3.2 Analysis of Pair-End Sequencing Reads

Each 3C based protocol present peculiarities likely to generate noise or specific biases in the data. These caveats can be attenuated by an appropriate, specific preprocessing of the data and by proper normalization. Several approaches have been described that aim at correcting biases, or alleviating it to improve the quality of subsequent analysis [1517]. This part presents the main steps to process the 3C-seq data described above. We provide commands and software’s that we currently use. This description is only an illustration of what can be done, since many other bioinformatics tools exist and are available to the community.

3.2.1 Mapping Along the Genomes of the Mixed Species Yeast

  1. 1.

    If there is a reference genome for the species you are studying, recover or generate the fasta file (see Note 17 ). If the genome is unknown, see Marbouty et al. [7]. For the sake of illustration, we will use in the following the file “genomes_yeasts.fa” as the name of the reference genome.

  2. 2.

    Indexing the reference genome. Aligner software such as Bowtie 2 or BWA are needed for this task and routinely used [18]. The first step is to index your reference genome.

    > bowtie2 -build genomes_yeasts.fa genomes_yeasts_index

  3. 3.

    Align each mate (from the file sequences_mate1.fastq) independently using the most sensitive mode of the alignment software. We recommend being very stringent when mapping the reads against the genome (whether from mixed samples of from unique samples) to minimize alignment mistakes (see Note 18 ).

       > bowtie2 -x genomes_yeasts_index -p6 --sam-no-hd --sam-no-sq --quiet --local --very-sensitive-local -S p1.sam sequences_mate1.fastq

       > bowtie2 -x genomes_yeasts_index -p6 --sam-no-hd --sam-no-sq --quiet --local --very-sensitive-local -S p2.sam sequences_mate2.fastq

  4. 4.

    The alignment software generates a SAM file (Sequence Alignment/Map format). You can select and keep the fields relevant for subsequent analysis to save memory space using awk. For instance,

      > awk '{print $1,$3,$4,$2,$5;}' p1.sam > p1.sam.select

      To recover the pair-end information, a convenient and fast way is to use the bash commands “sort” and “paste”:

      > sort -T /path_to_temporary_repository p1.sam.select > p1.sam.select.sorted

      > sort -T /path_to_temporary_repository p2.sam.select > p2.sam.select.sorted

      > paste p1.sam.select.sorted p2.sam.select.sorted > p1_p2.select.merged

    where /path_to_temporary_repository points to a temporary repository where storage space is available for the sort command to be executed.

  5. 5.

    Finally, complete the mapping procedure by filtering ambiguous hits on the genome. Only the pairs of mapped reads with a quality above a certain threshold will be retained (see Note 19 ).
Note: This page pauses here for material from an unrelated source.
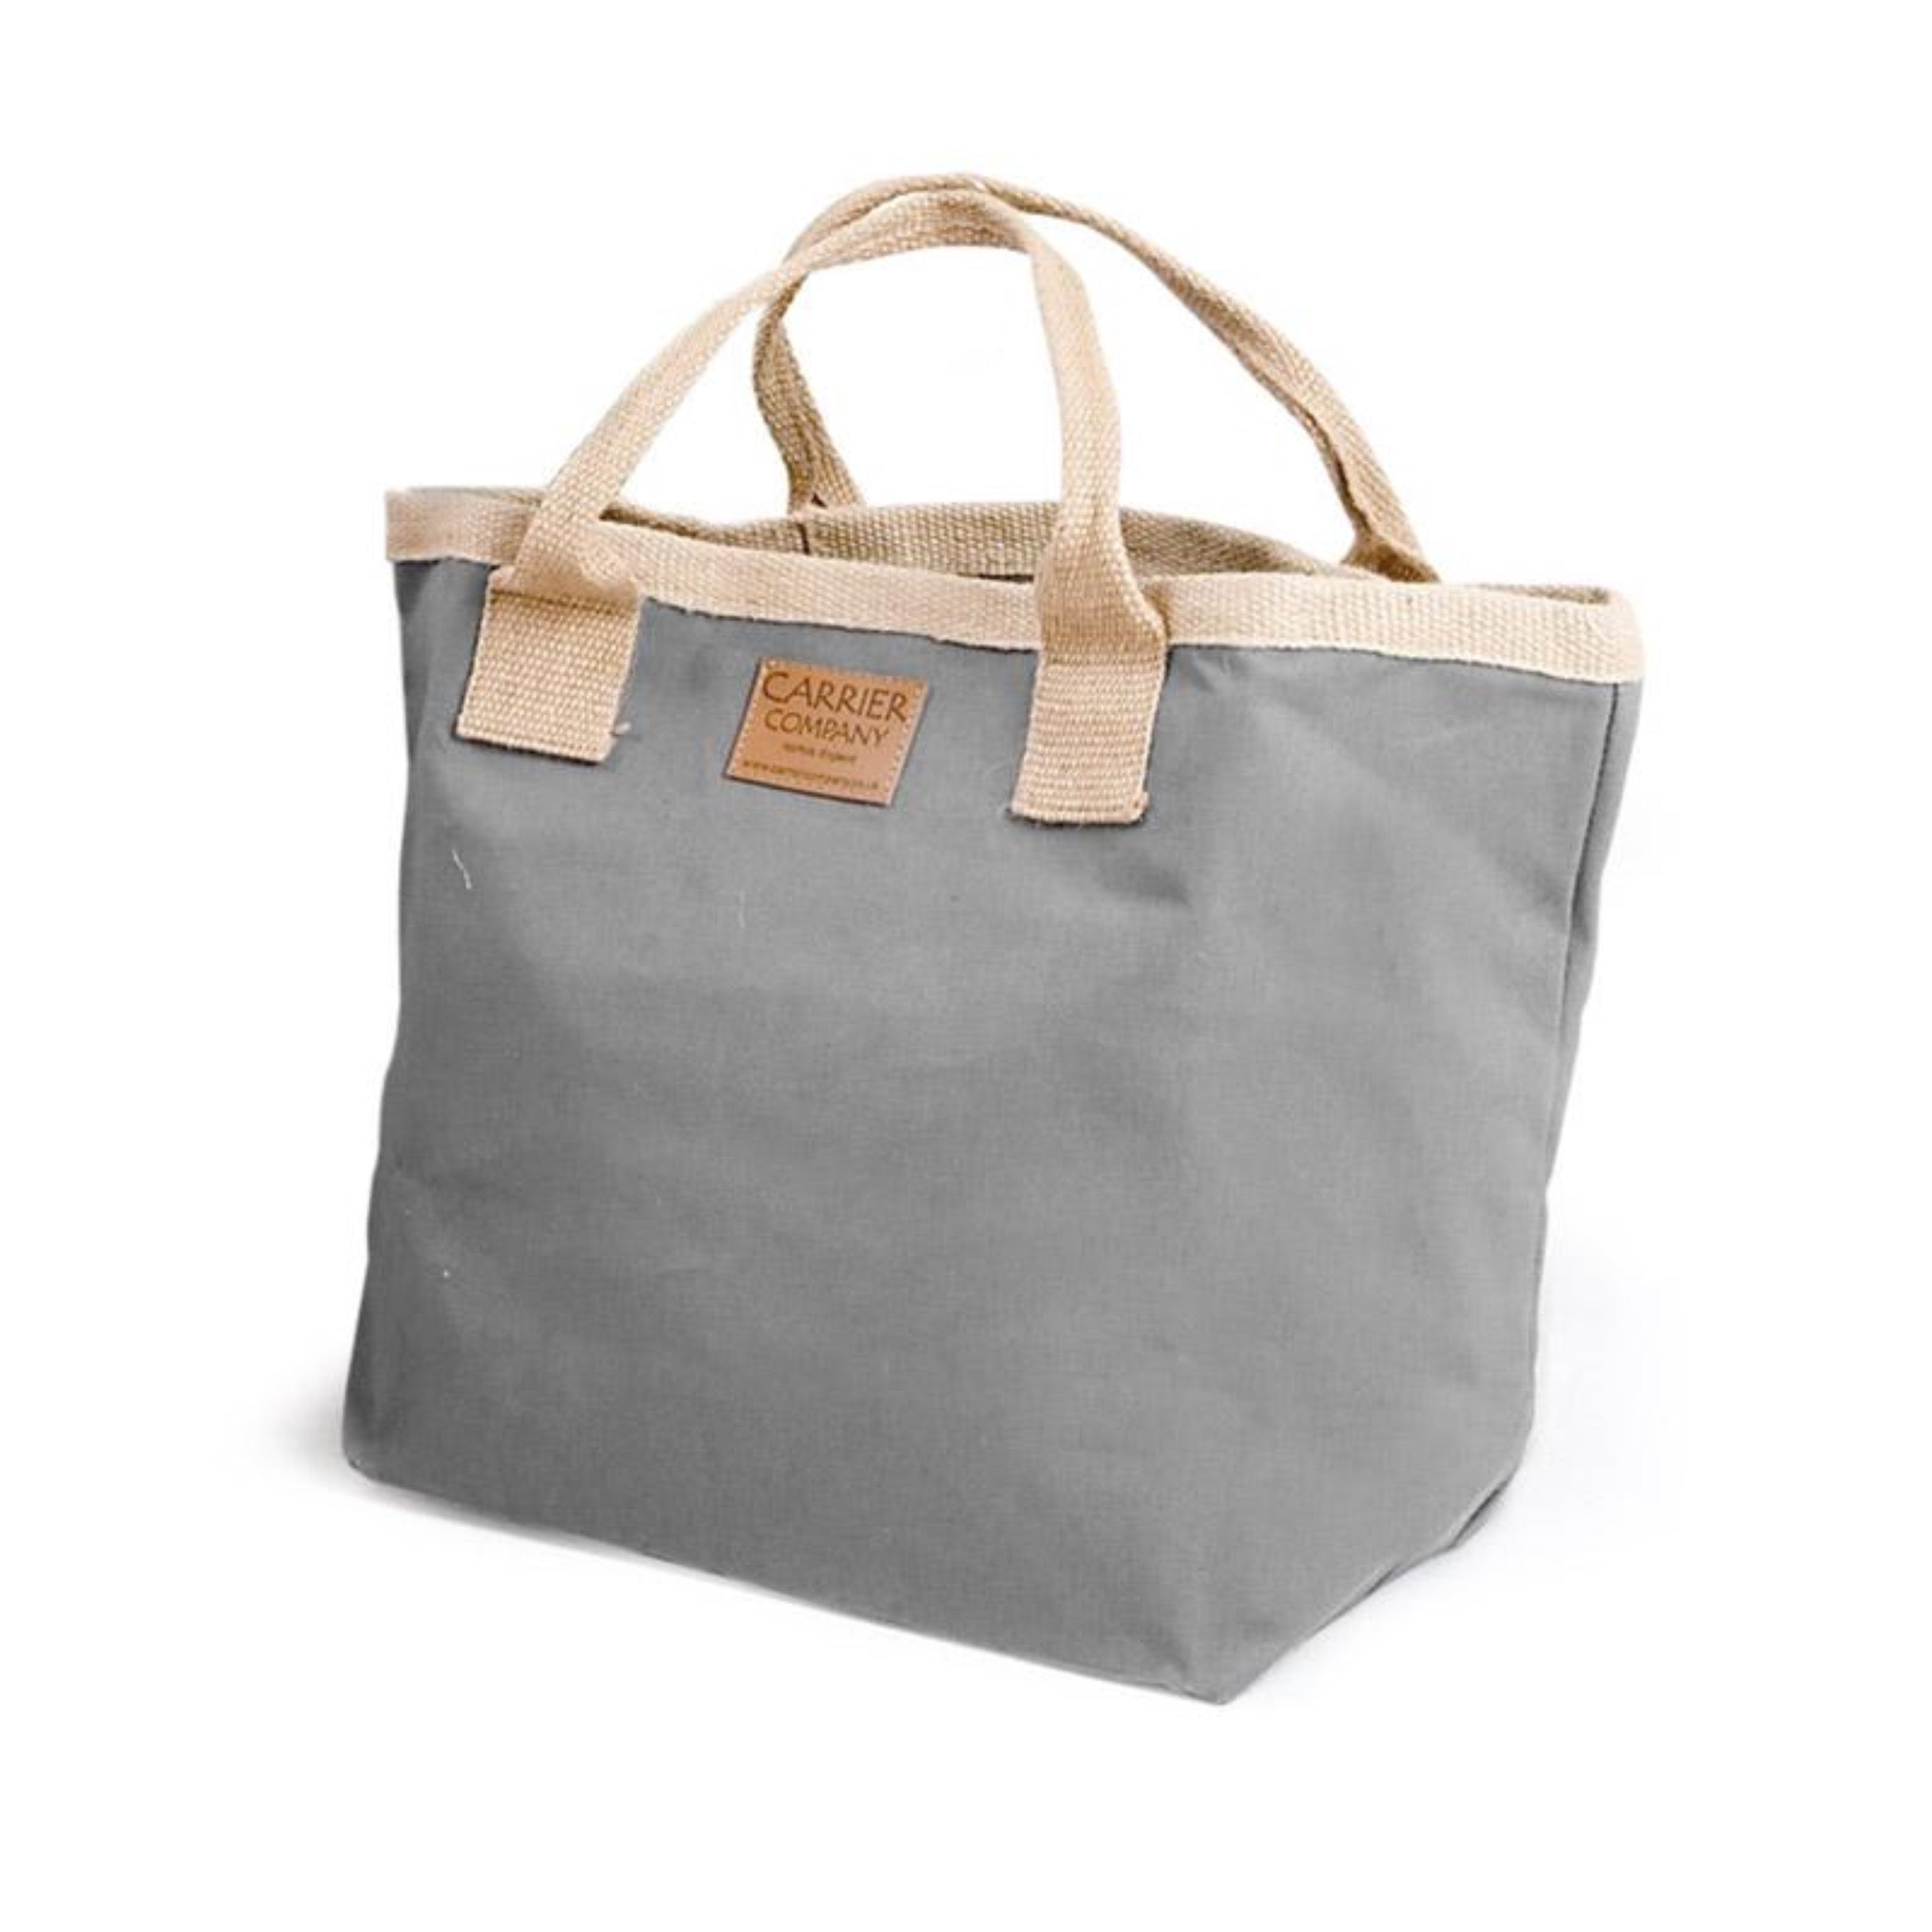 Carrier Bag | Canvas Tote | Canvas Shopper | Carrier Company

      > awk '{$5 > = 40 && $10 > = 40) print $0;}' p1_p2_merged > p1_p2_merged.MQ40

3.2.2 Building the Contact Network

Assign every pair of mapped read on their restriction fragment by crossing the coordinates of the mapped reads with the restriction map of the genome. This can be done for instance with the “restrict” function from the bioinformatics suite EMBOSS (see Note 20 ).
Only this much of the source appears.